An SPC consolidates the structure. It allows investors to use:
- One incorporation
- One registered agent relationship
- One set of constitutional documents
- One entity to manage
At the same time, it preserves legal separation between the assets held inside each portfolio.
This can be efficient for a family office managing several investment strategies or a fund manager operating multiple sub-funds.
The trade-off is that all portfolios exist inside one legal entity. In some situations, fully separate legal personalities may be preferable, especially where each entity needs its own registration, contracts, or liability shield against the parent structure.
Common Uses for RAK ICC SPCs
Investment Fund Managers
SPCs were originally designed for the investment fund industry and remain closely suited to that purpose.
A fund manager running several sub-funds can house them within one SPC. For example, a real estate fund, an equities fund, and a private equity fund can each be structured as a separate segregated portfolio.
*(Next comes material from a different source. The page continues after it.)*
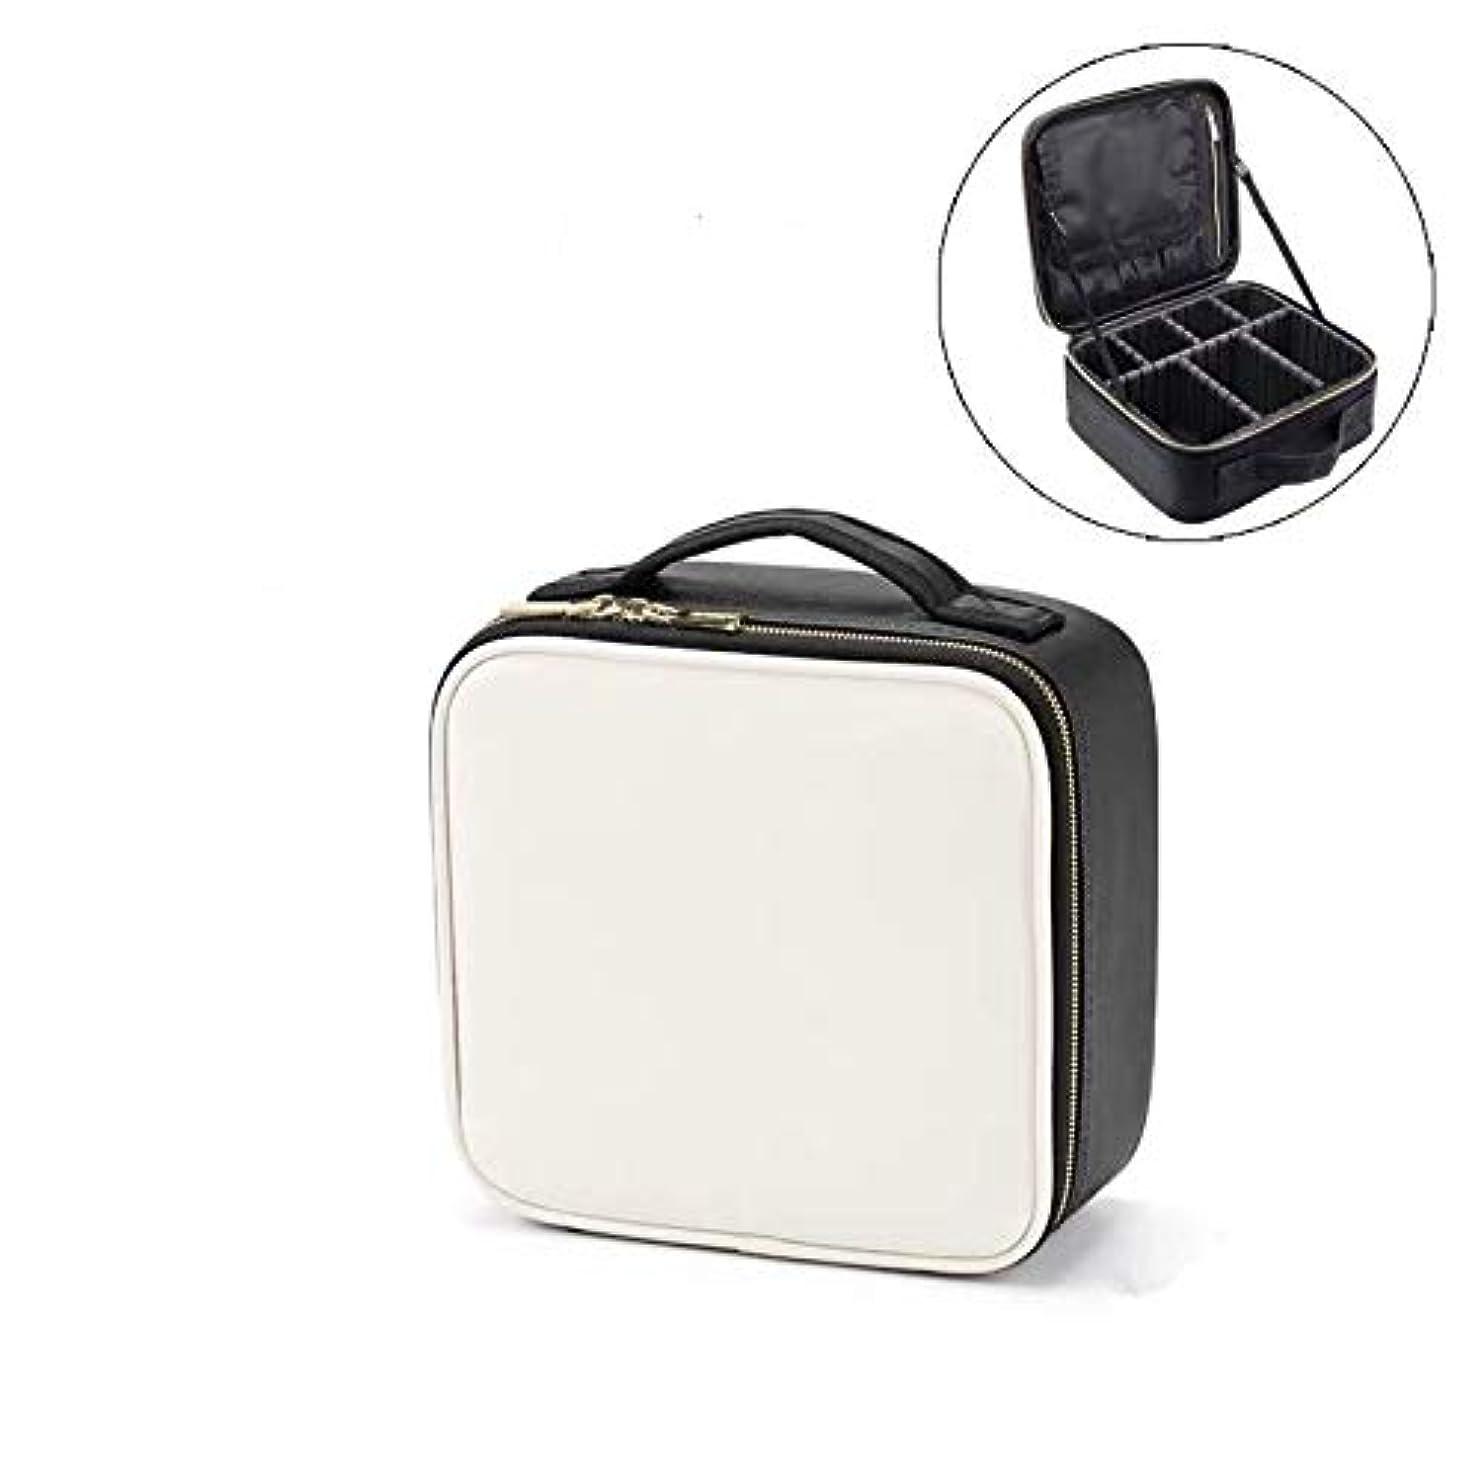 組立メドレー保証するメイクボックス プロ用 大容量 仕切り板調節可能 防水設計 コスメボックス 化粧ポーチ 化粧品収納 高級感 旅行外出 携帯用

Investors in one sub-fund have no exposure to the liabilities or performance of the other sub-funds.
Family Offices and High-Net-Worth Individuals
UAE-based family offices use SPCs to separate asset classes within one management structure.
A family’s real estate holdings, listed equities, and private business interests can each be placed in a separate portfolio. Different family members can hold shares in different portfolios according to succession planning goals.
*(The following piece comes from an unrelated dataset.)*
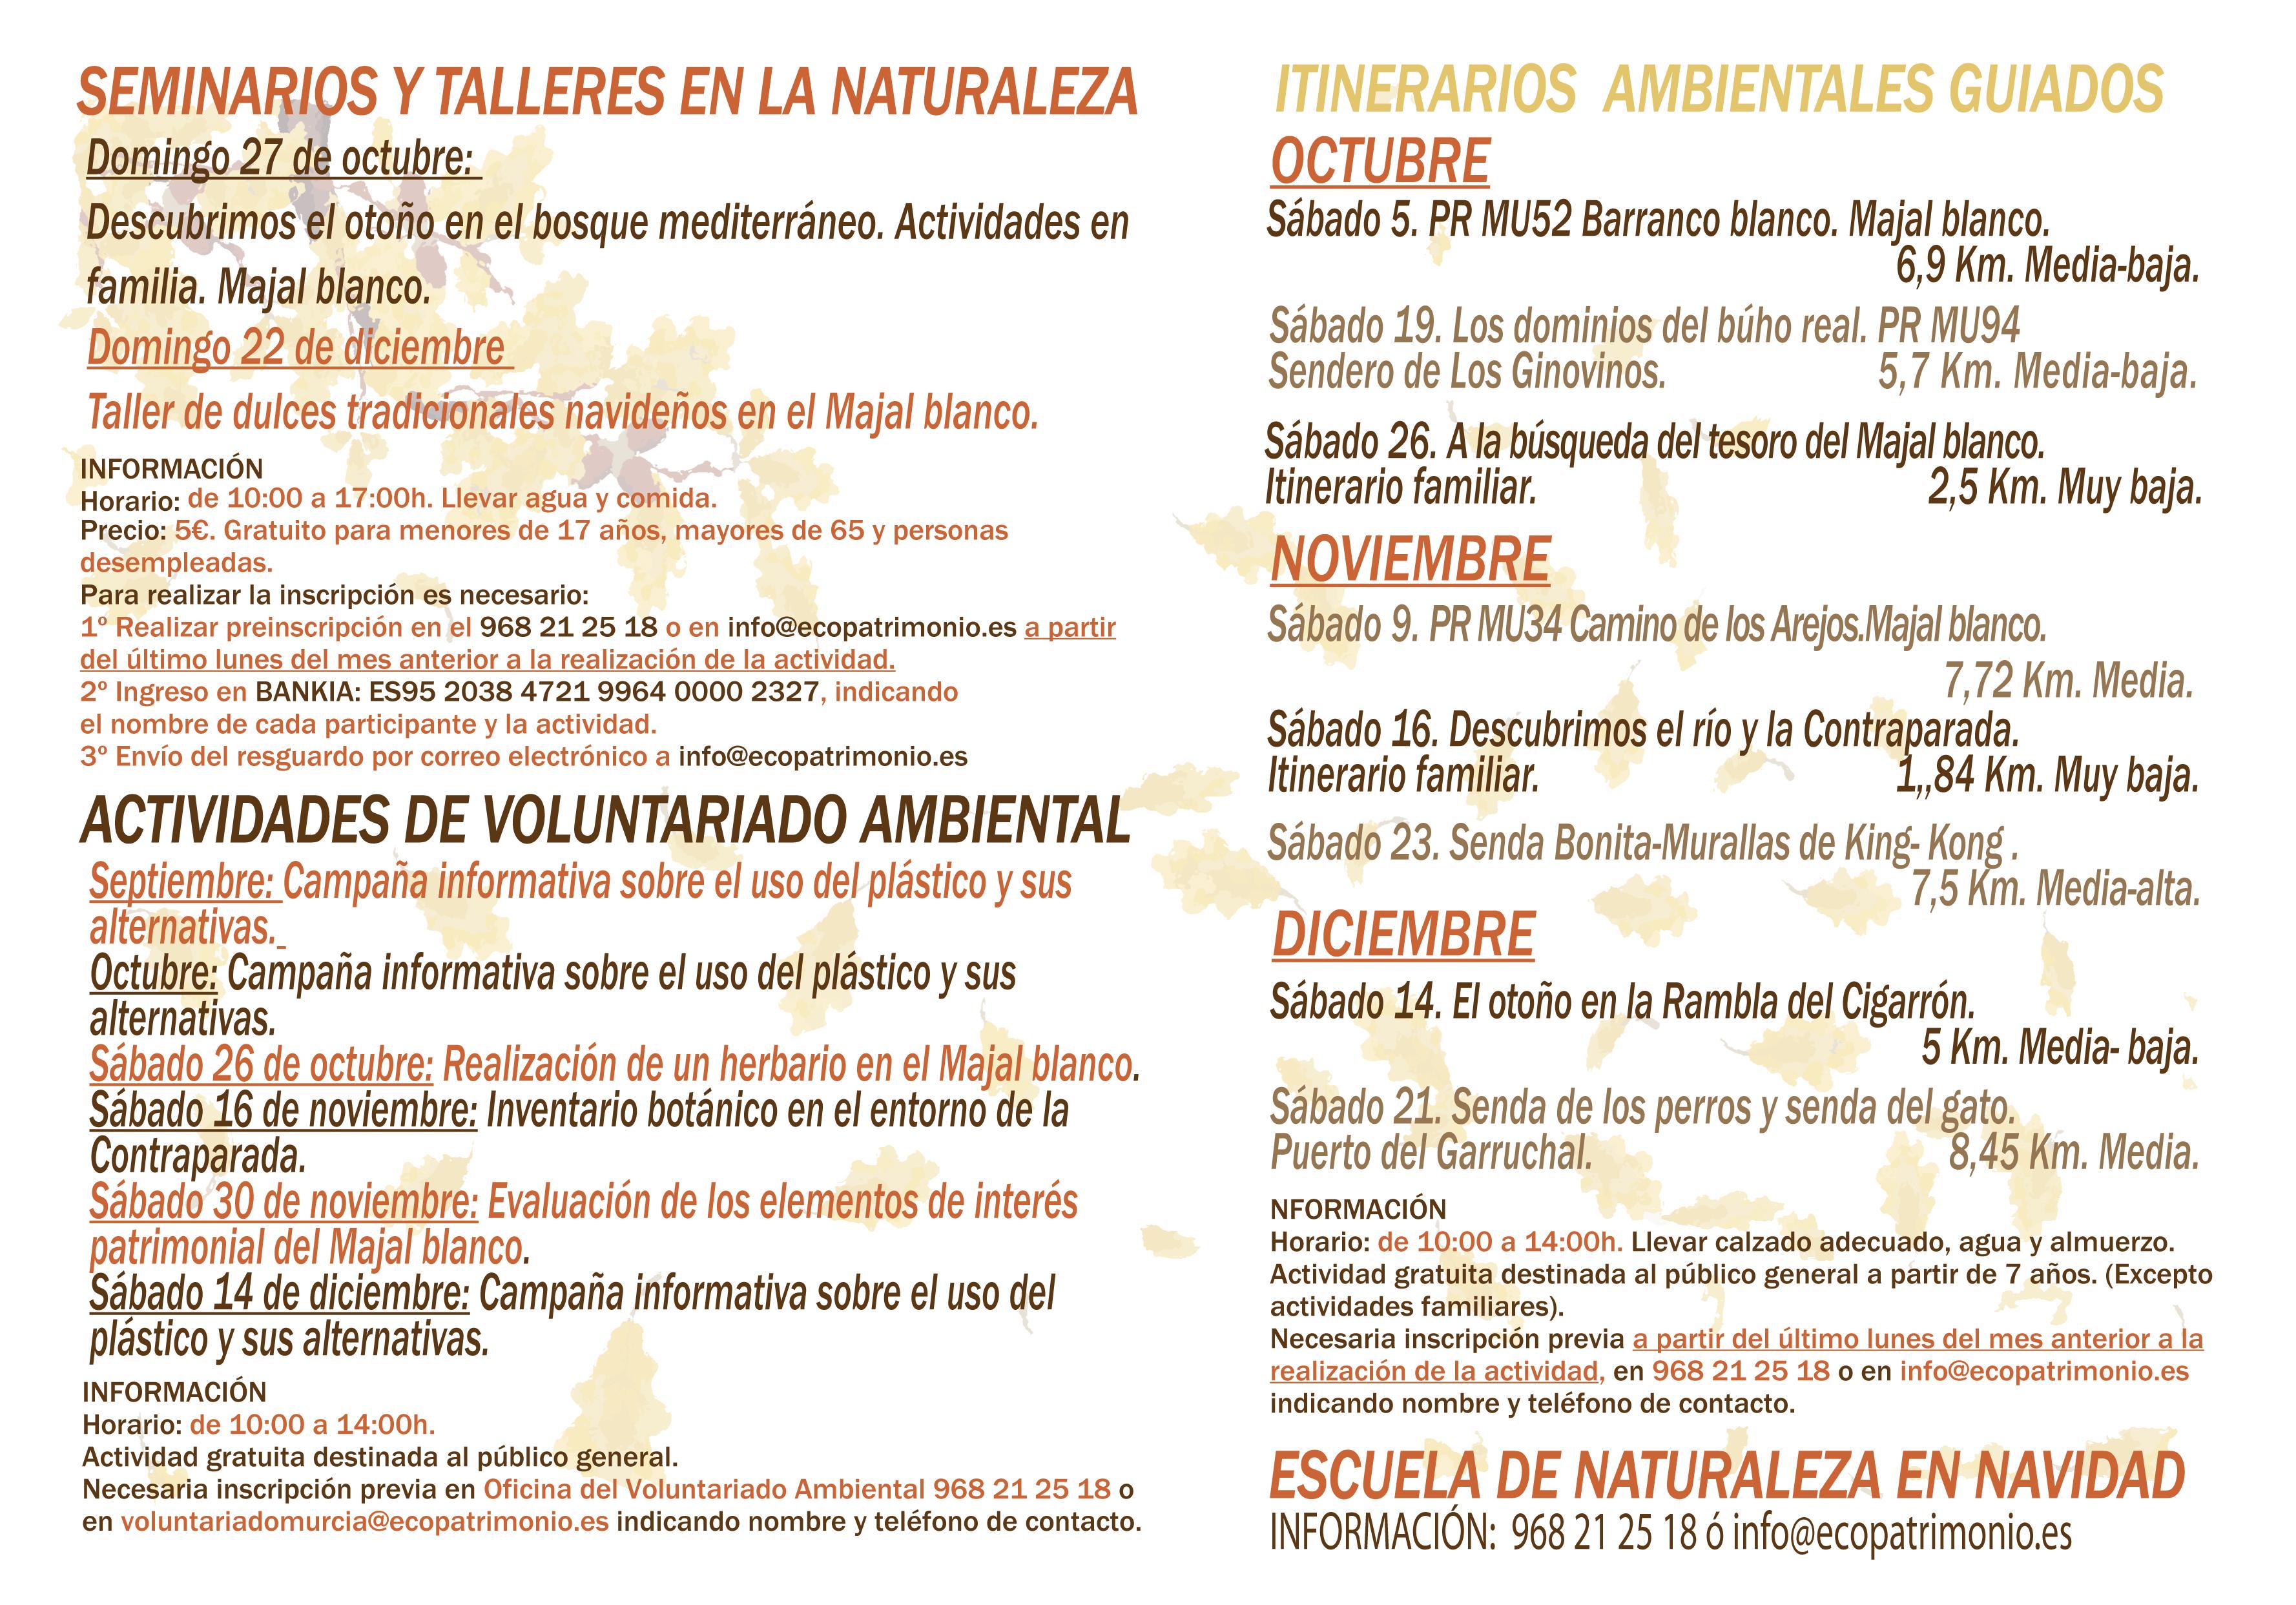 Programa de Actividades Ambientales, Octubre/Diciembre, Ayto. de Murcia

Multi-Client Wealth Management
Professional advisers managing assets for multiple clients may use an SPC to segregate client portfolios without setting up a separate company for each client.
Each client’s portfolio can be held in a separate cell, while the adviser manages all portfolios within one corporate framework.
Asset Protection
SPCs can be useful for individuals holding assets across multiple jurisdictions who want to reduce the risk that liabilities in one area affect assets held elsewhere.
The ring-fencing provisions can help limit cross-contamination of risk as part of a broader asset protection strategy.
Compliance Obligations
RAK ICC SPCs are subject to UAE beneficial ownership disclosure rules under Cabinet Decision No. 109 of 2023.
Both core company shareholders and portfolio shareholders must be identified and registered as ultimate beneficial owners where the applicable thresholds are met. Because SPCs have multiple layers, ultimate beneficial ownership reporting can be more complex and should be addressed at the start.
UAE anti-money laundering regulations also apply. Registered agents must conduct due diligence on all beneficial owners.
Banks opening accounts for SPCs typically require enhanced documentation because of the multi-portfolio structure.
RAK ICC SPCs are also within scope for UAE Common Reporting Standard obligations. Where portfolio shareholders are tax resident in CRS-participating jurisdictions, their interest in the SPC will be reported automatically to their home tax authority.
When an SPC May Be Suitable
A RAK ICC SPC may be appropriate where there is a need for genuine legal segregation between multiple pools of assets, but the investor also wants the efficiency of managing them within one corporate framework.
It may be useful for:
- Multiple investment strategies
- Multiple sub-funds
- Family wealth structures
- Segregated client portfolios
- Asset protection planning
- Succession planning involving different assets or family members
When an SPC May Not Be Suitable
An SPC may be less appropriate where fully separate legal entities are needed for contractual or liability reasons.
It may also be unsuitable if the number of portfolios is likely to exceed ten, since a single RAK ICC SPC can hold up to ten active segregated portfolios under current regulations.
RAK ICC SPCs are generally restricted to offshore activities unless they elect otherwise. They are therefore not the right structure where the business needs to carry on activity inside the UAE.